DATA EXTRACT:
□ □ □ □
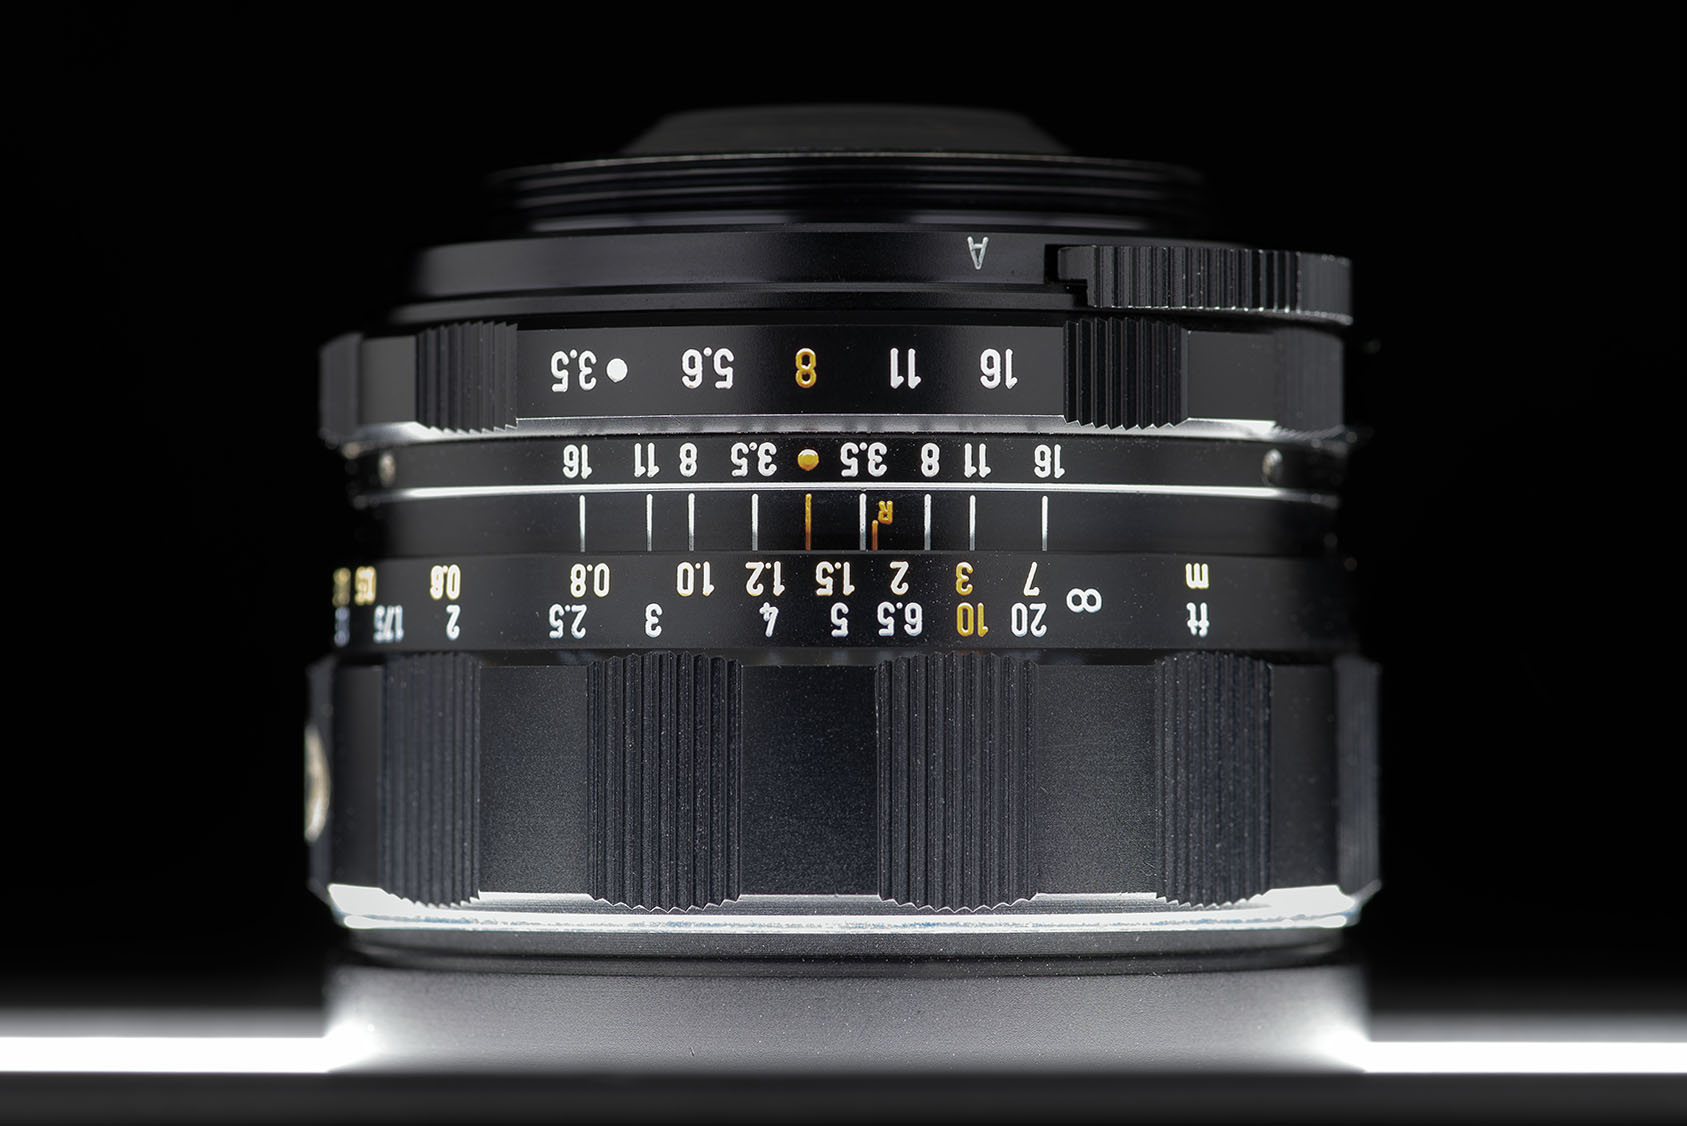 Legacy Lens Review: Super-Takumar 28mm f3.5 - The Noisy Shutter
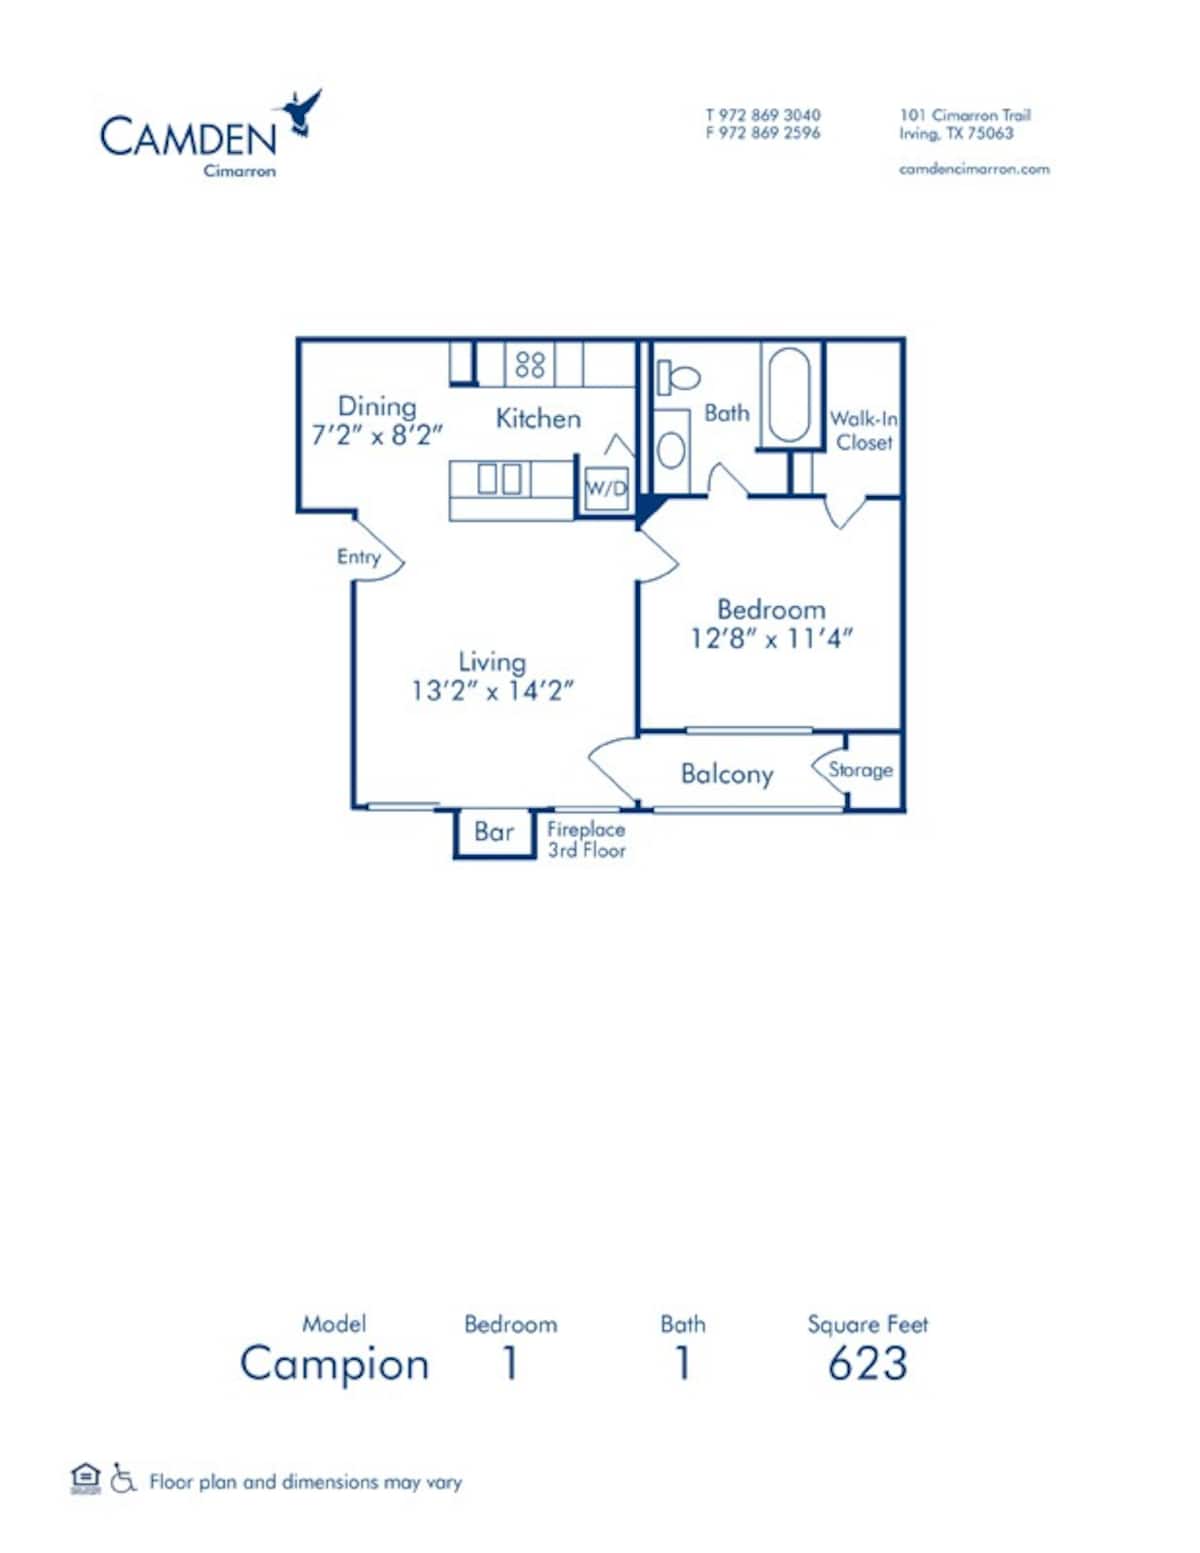 Floorplan diagram for Campion, showing 1 bedroom
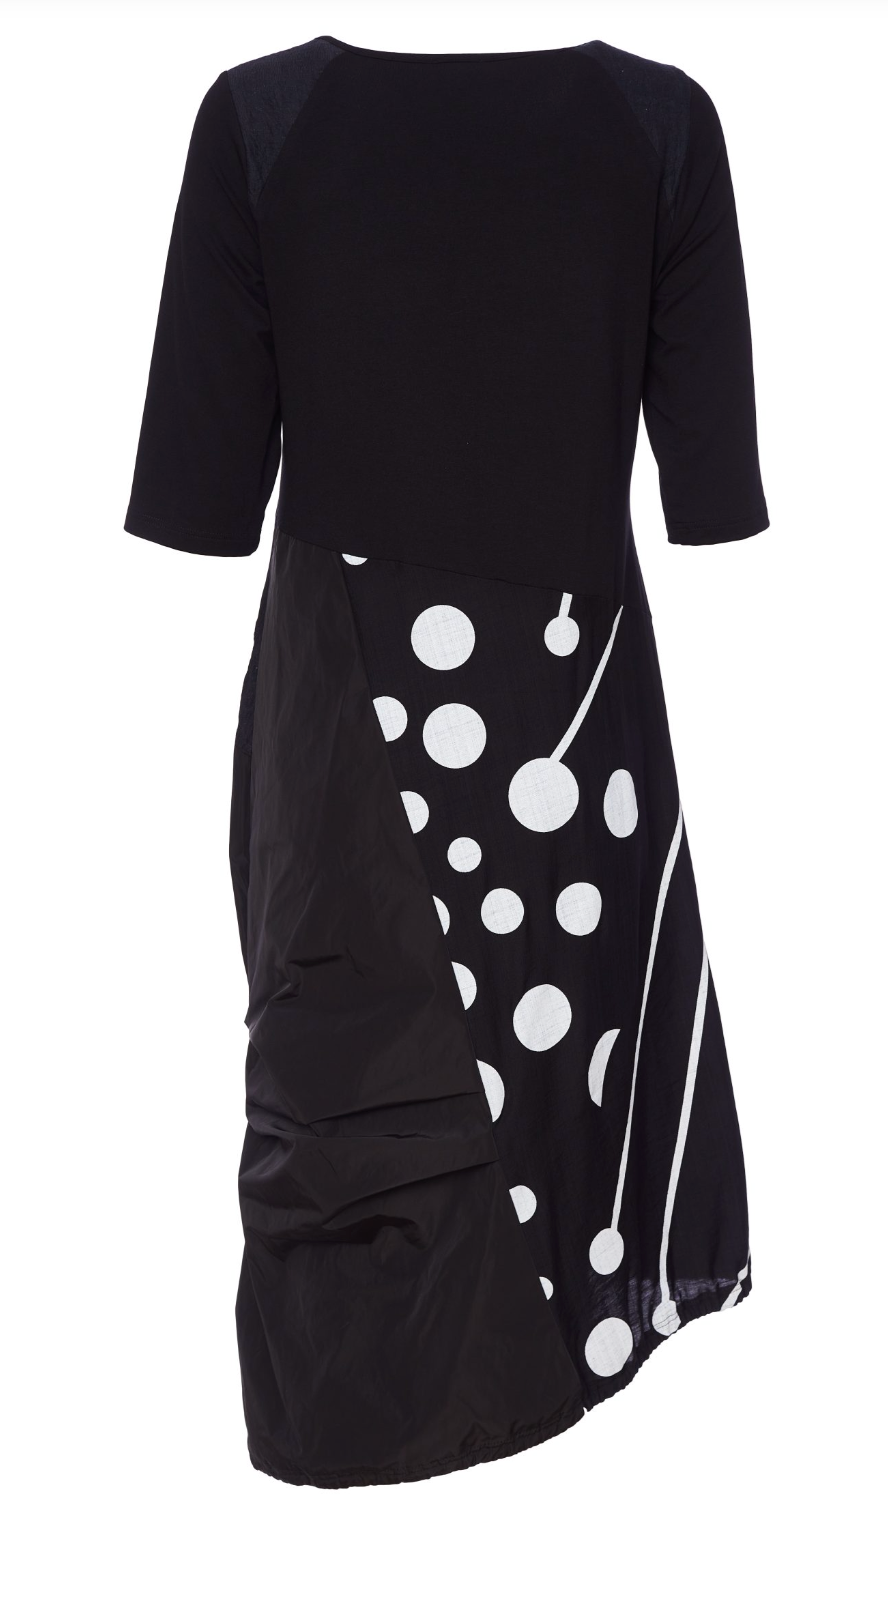 Spot Print Drawstring Dress
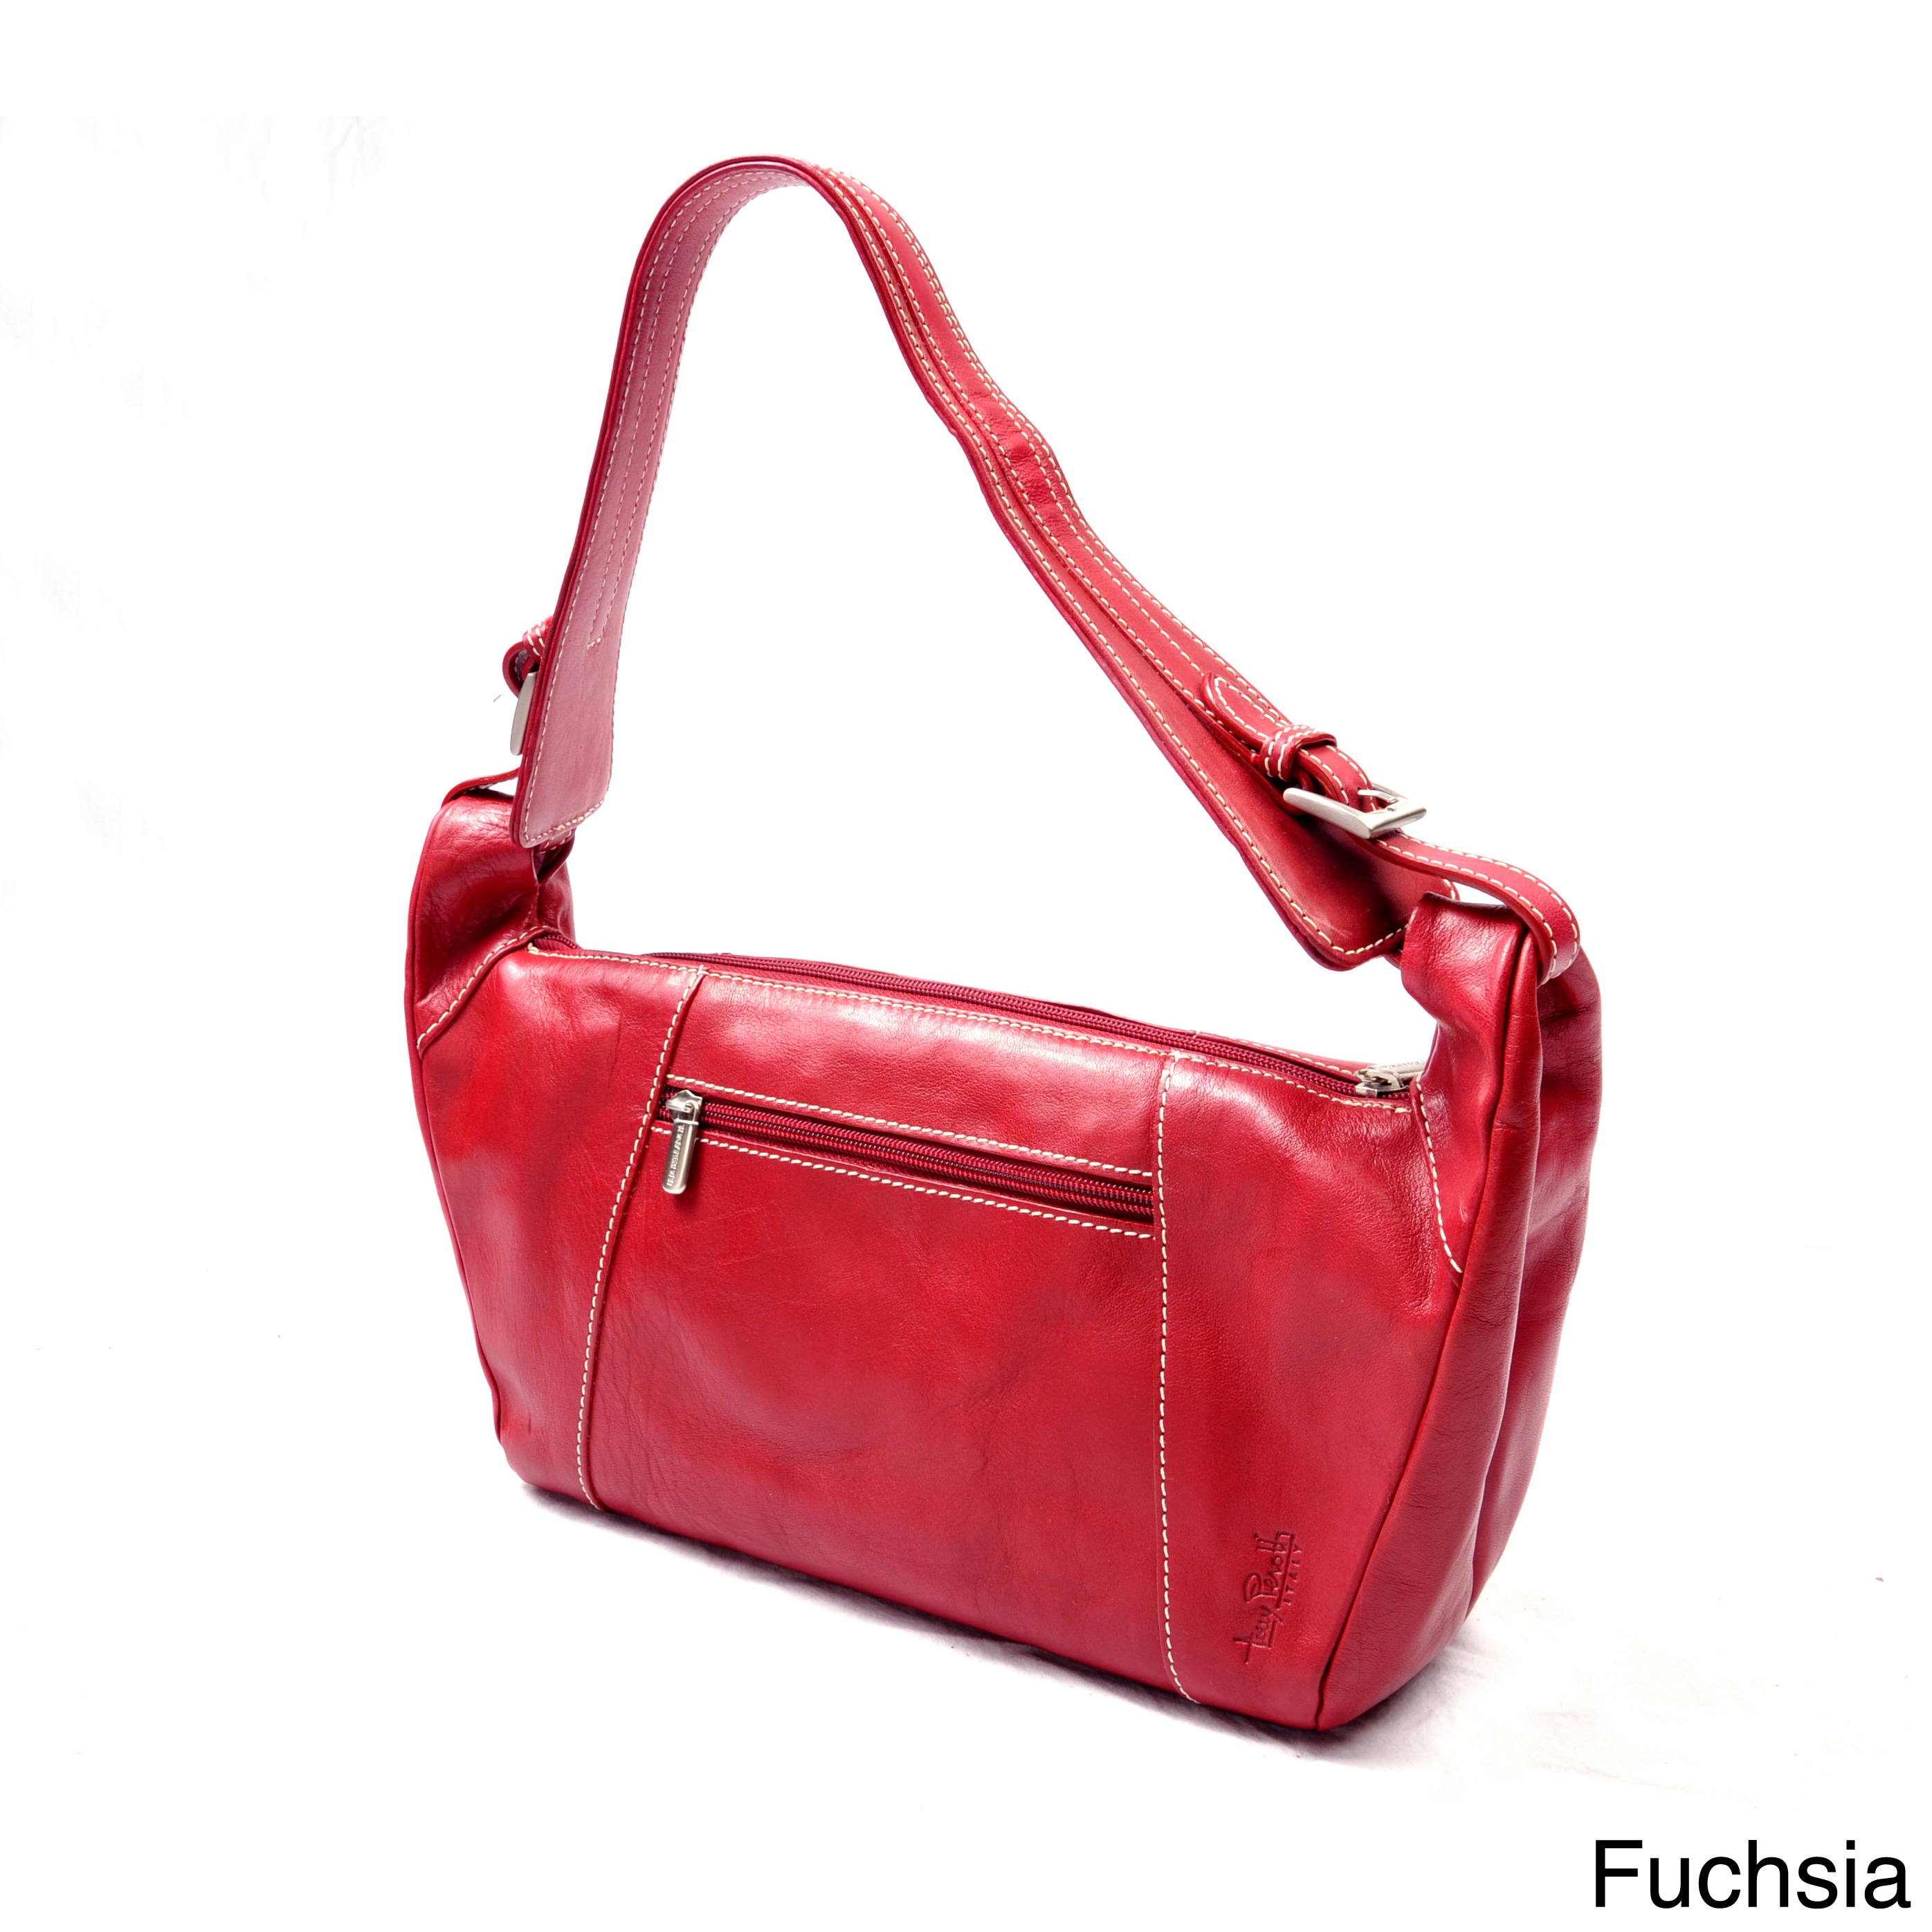 Tony Perotti Handbags Shoulder Bags, Tote Bags and
□ □ □ □
TASK ITEM:
Copy, exactly and exclusively, the lines beginning with the one that contains "Floorplan diagram for" and ending with the last line of the listing; pictures are to be omitted.

RESPONSE TO THIS EXERCISE:
 Floorplan diagram for Campion, showing 1 bedroom
 Spot Print Drawstring Dress
 Tony Perotti Handbags Shoulder Bags, Tote Bags and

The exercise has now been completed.